ECLI:NL:CRVB:2020:3469
Centrale Raad van Beroep
- Hoger beroep
- Rechtspraak.nl
Hoger beroep niet-ontvankelijk wegens gebrek aan procesbelang in sociale zekerheidszaak
In deze zaak heeft appellant hoger beroep ingesteld tegen de uitspraak van de rechtbank Oost-Brabant, die op 25 oktober 2019 het beroep tegen het besluit van het college van burgemeester en wethouders van Heeze en Leende niet-ontvankelijk heeft verklaard. Appellant, geboren in 1953, heeft beperkingen door vaat-, chirurgische en longaandoeningen en heeft aanvragen ingediend voor ondersteuning op grond van de Wet maatschappelijke ondersteuning 2015 (Wmo 2015). Het college heeft deze aanvragen afgewezen, maar later alsnog de gewenste maatwerkvoorzieningen verstrekt. De rechtbank oordeelde dat appellant geen procesbelang meer had, omdat het college aan zijn verzoeken had voldaan.
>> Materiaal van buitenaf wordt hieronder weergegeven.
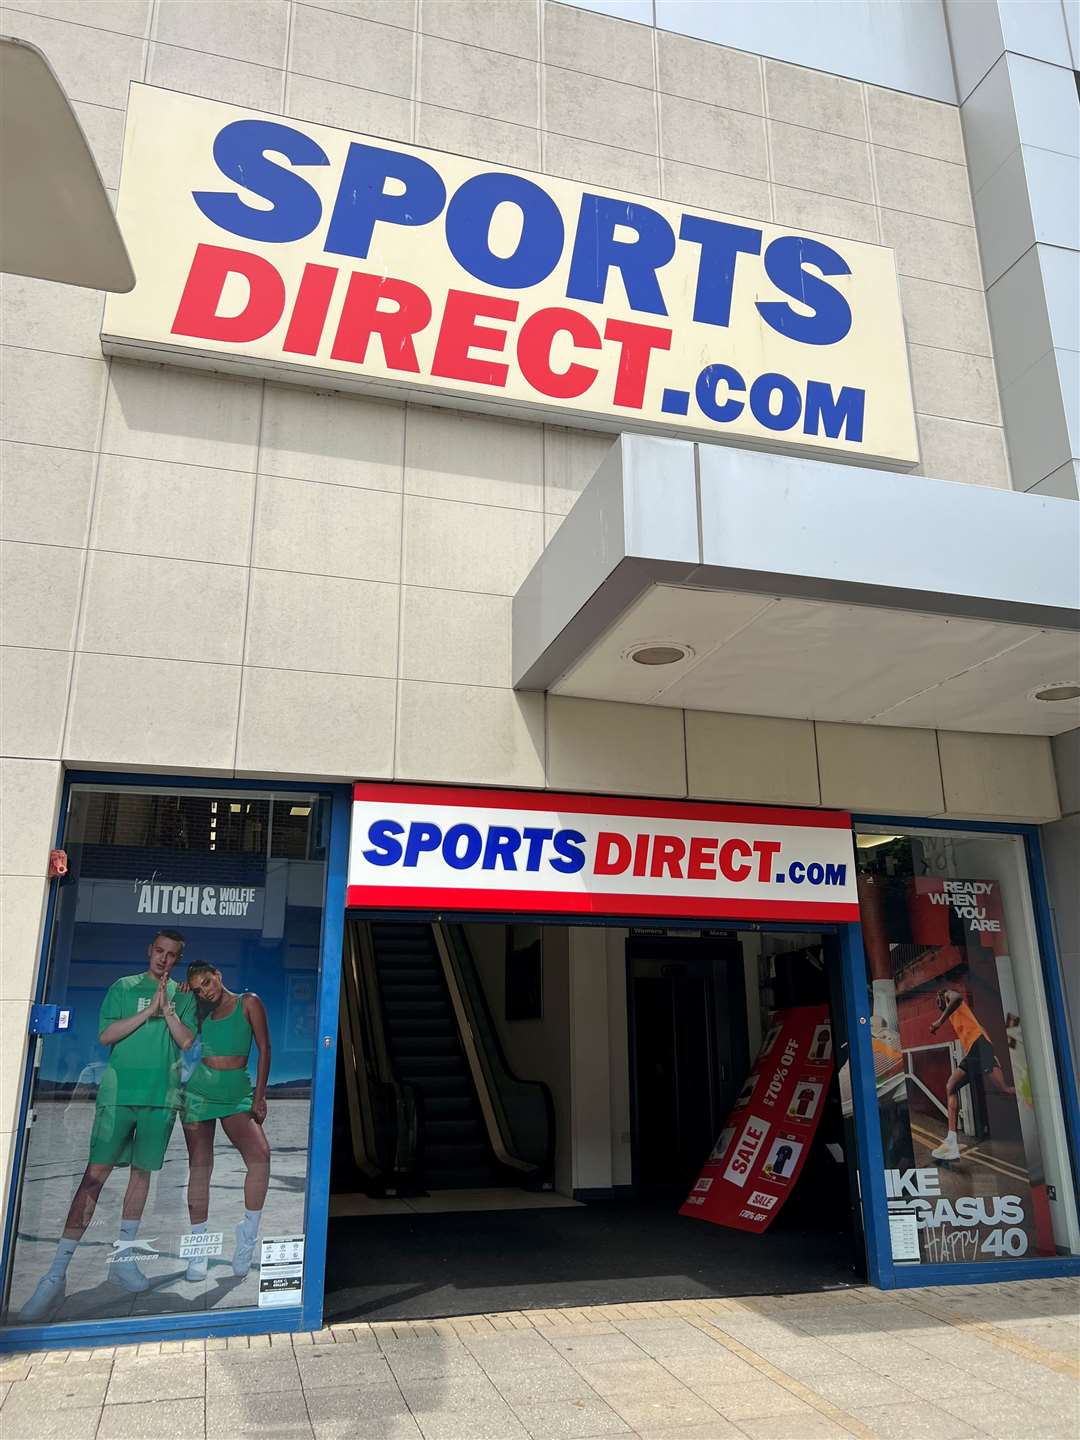 Aiden Cullen tried to steal from the Sports Direct store in Lynn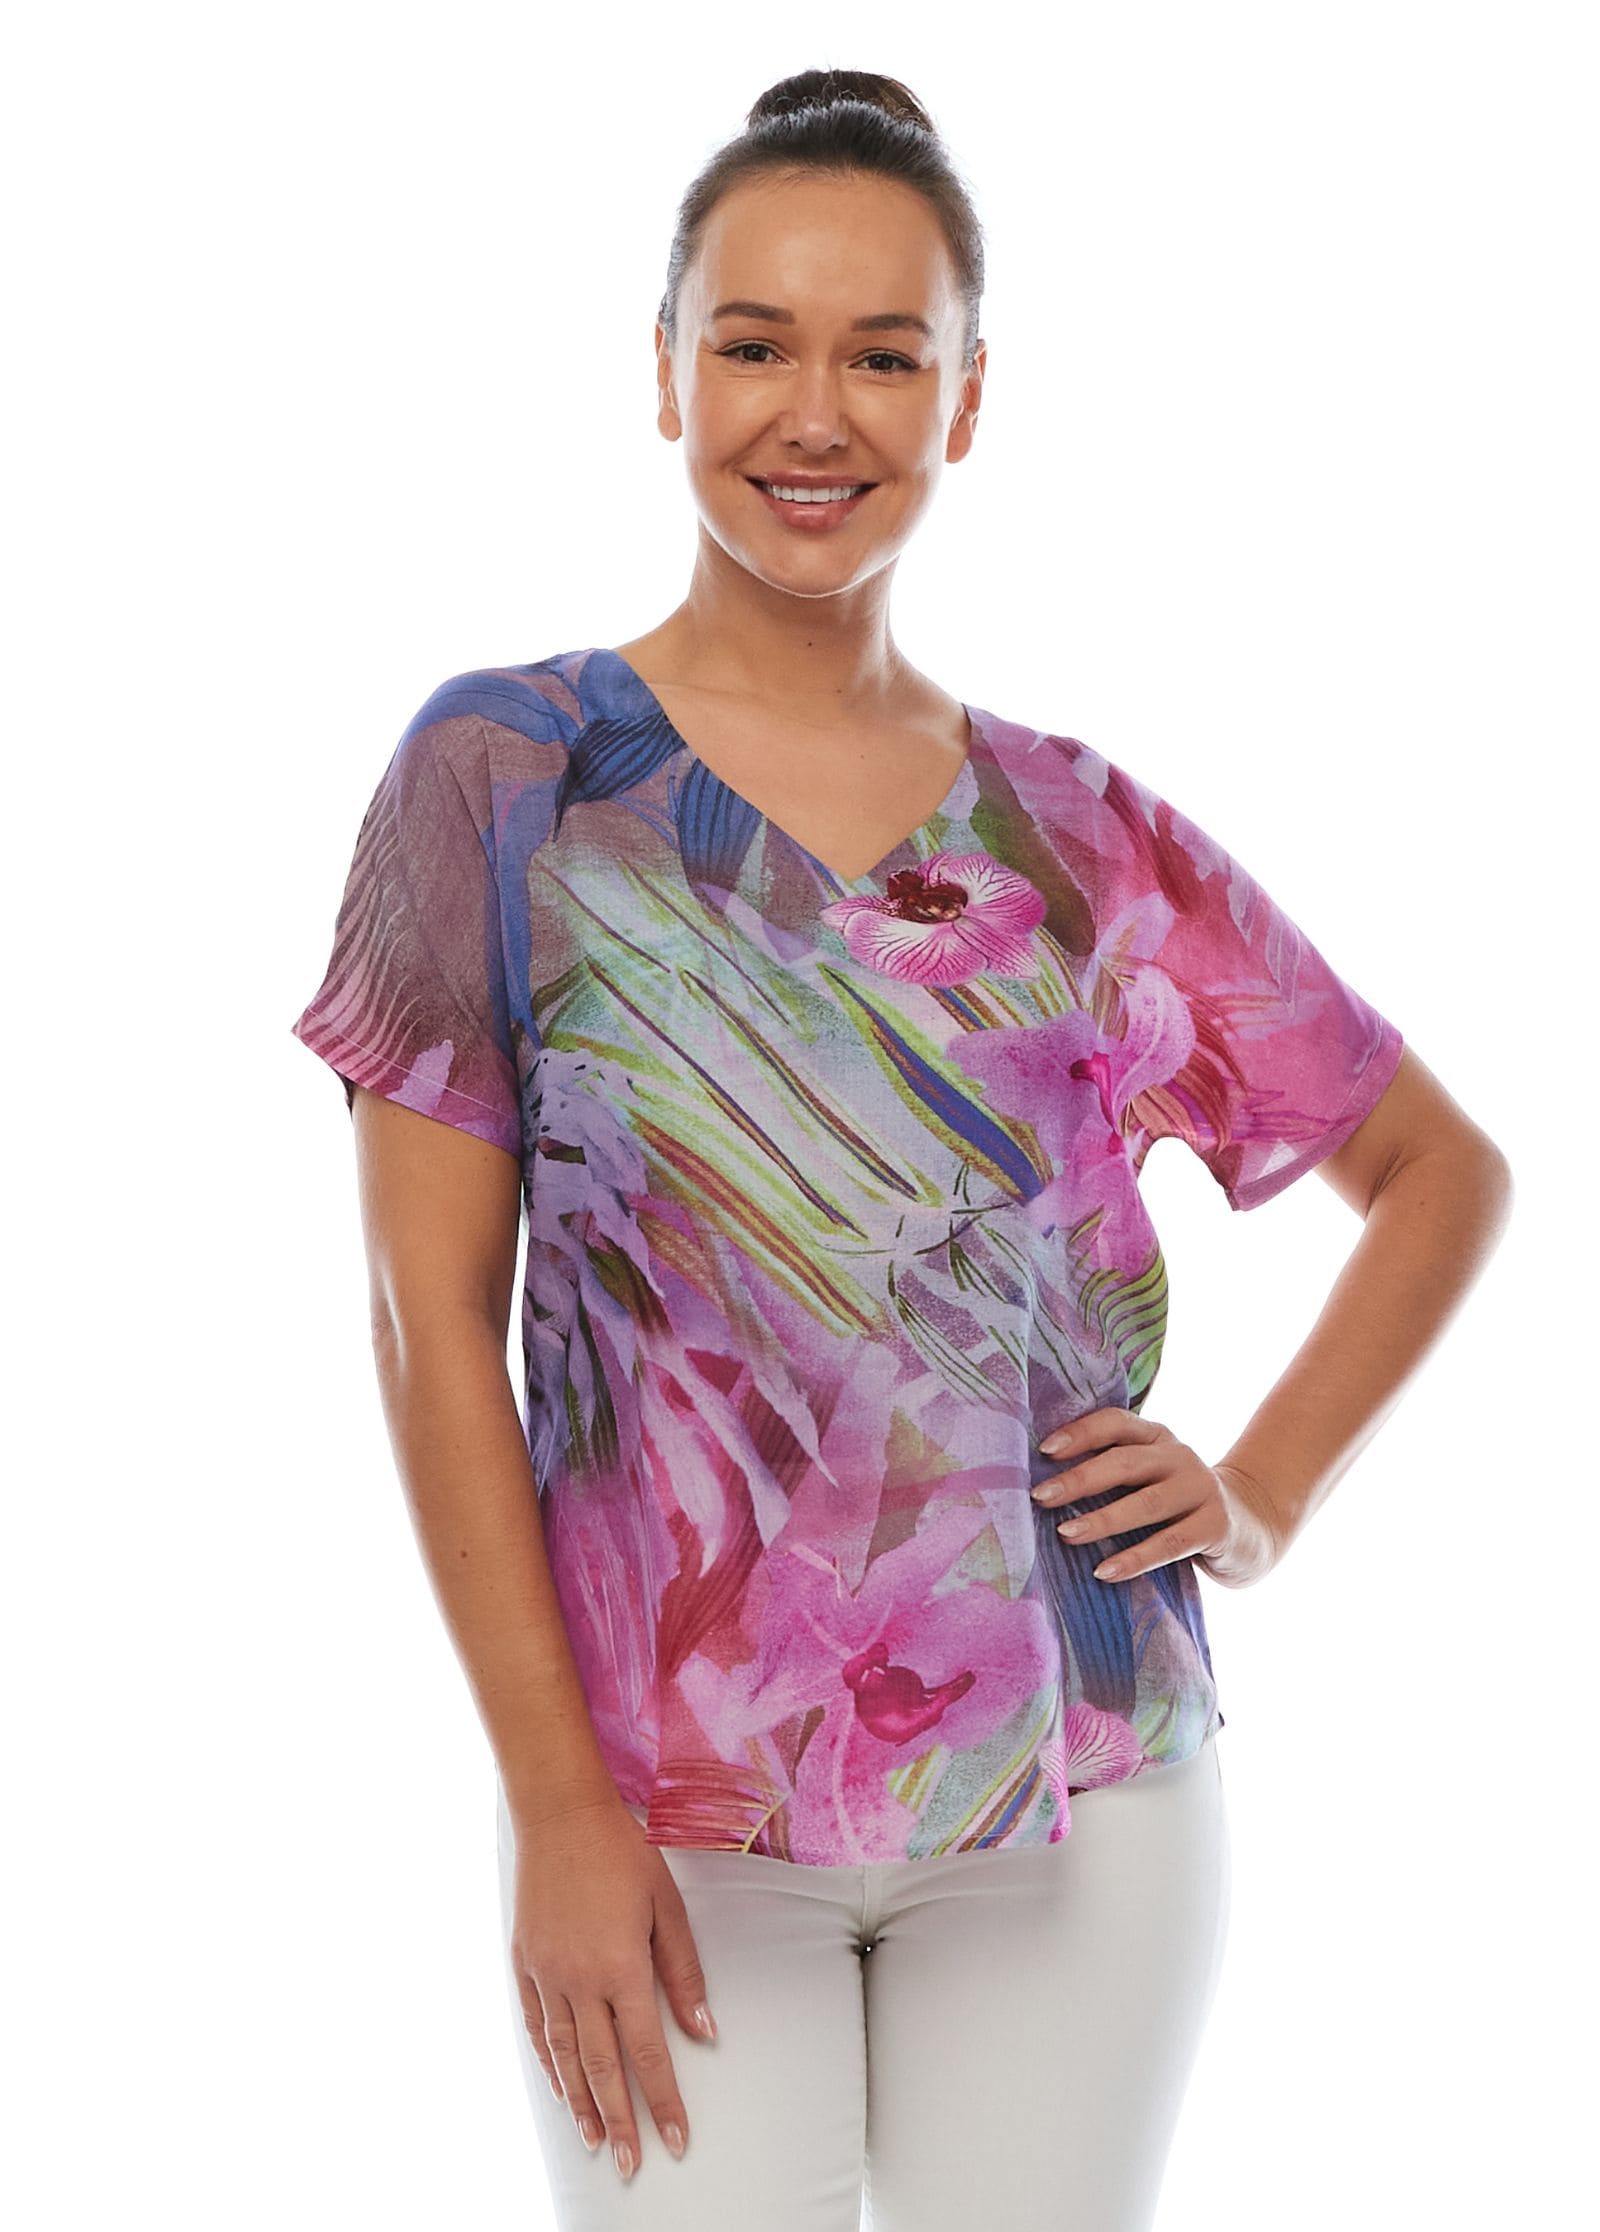 Claire Powell | Orchid - Short Sleeve Tops | Plus Size Clothing for Women

Appellant heeft in hoger beroep aangevoerd dat hij procesbelang heeft, omdat de rechtbank in een eerdere tussenuitspraak had overwogen dat het college medisch onderzoek moest laten verrichten. Appellant stelt dat het college deze verplichting niet is nagekomen en dat hij bij toekomstige aanvragen opnieuw medische informatie moet aanleveren. De Raad voor de Rechtspraak heeft echter geoordeeld dat appellant geen procesbelang heeft, omdat hij met het hoger beroep niets meer kan bereiken. Het college heeft immers de gewenste voorzieningen verstrekt, en de wijze waarop dit is gebeurd is niet relevant voor de beoordeling van het procesbelang.
De Raad concludeert dat het hoger beroep niet-ontvankelijk moet worden verklaard, omdat appellant geen rechtens te honoreren belang meer heeft bij een inhoudelijke beoordeling van zijn beroepsgronden. De uitspraak van de Centrale Raad van Beroep is gedaan op 30 december 2020, waarbij de proceskosten niet zijn toegewezen.